→ WORK INSTRUCTION
Only the lines from the line containing "Ajakirjanikud ootavad teavet" to the end of the records, both included, belong in the answer, copied exactly.

→ ENTRIES PROVIDED
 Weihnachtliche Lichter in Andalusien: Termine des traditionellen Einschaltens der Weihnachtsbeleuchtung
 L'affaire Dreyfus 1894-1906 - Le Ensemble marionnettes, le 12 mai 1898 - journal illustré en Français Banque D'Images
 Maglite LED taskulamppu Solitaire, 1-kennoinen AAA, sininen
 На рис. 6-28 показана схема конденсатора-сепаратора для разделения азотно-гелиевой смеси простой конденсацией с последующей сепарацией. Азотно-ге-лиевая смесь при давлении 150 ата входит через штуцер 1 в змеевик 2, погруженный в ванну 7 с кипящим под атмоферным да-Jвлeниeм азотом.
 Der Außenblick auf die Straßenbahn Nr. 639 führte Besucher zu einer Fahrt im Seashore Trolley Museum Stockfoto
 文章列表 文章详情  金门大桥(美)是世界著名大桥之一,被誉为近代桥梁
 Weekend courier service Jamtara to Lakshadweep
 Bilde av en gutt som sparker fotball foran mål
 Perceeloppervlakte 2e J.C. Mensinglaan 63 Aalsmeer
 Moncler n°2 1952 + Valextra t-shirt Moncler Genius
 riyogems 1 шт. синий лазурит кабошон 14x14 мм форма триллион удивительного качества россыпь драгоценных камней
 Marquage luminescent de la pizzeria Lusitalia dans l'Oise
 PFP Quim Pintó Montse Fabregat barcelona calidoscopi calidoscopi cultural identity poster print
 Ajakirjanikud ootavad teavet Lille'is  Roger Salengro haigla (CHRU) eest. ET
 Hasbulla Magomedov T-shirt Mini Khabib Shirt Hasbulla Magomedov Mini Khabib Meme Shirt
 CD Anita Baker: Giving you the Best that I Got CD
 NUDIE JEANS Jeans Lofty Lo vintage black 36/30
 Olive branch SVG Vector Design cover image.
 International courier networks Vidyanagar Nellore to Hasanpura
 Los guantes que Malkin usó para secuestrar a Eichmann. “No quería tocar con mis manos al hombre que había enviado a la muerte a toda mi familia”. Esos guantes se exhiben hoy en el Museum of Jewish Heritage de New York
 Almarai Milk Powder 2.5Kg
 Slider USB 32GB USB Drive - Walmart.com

→ WRITTEN RESPONSE
 Ajakirjanikud ootavad teavet Lille'is  Roger Salengro haigla (CHRU) eest. ET
 Hasbulla Magomedov T-shirt Mini Khabib Shirt Hasbulla Magomedov Mini Khabib Meme Shirt
 CD Anita Baker: Giving you the Best that I Got CD
 NUDIE JEANS Jeans Lofty Lo vintage black 36/30
 Olive branch SVG Vector Design cover image.
 International courier networks Vidyanagar Nellore to Hasanpura
 Los guantes que Malkin usó para secuestrar a Eichmann. “No quería tocar con mis manos al hombre que había enviado a la muerte a toda mi familia”. Esos guantes se exhiben hoy en el Museum of Jewish Heritage de New York
 Almarai Milk Powder 2.5Kg
 Slider USB 32GB USB Drive - Walmart.com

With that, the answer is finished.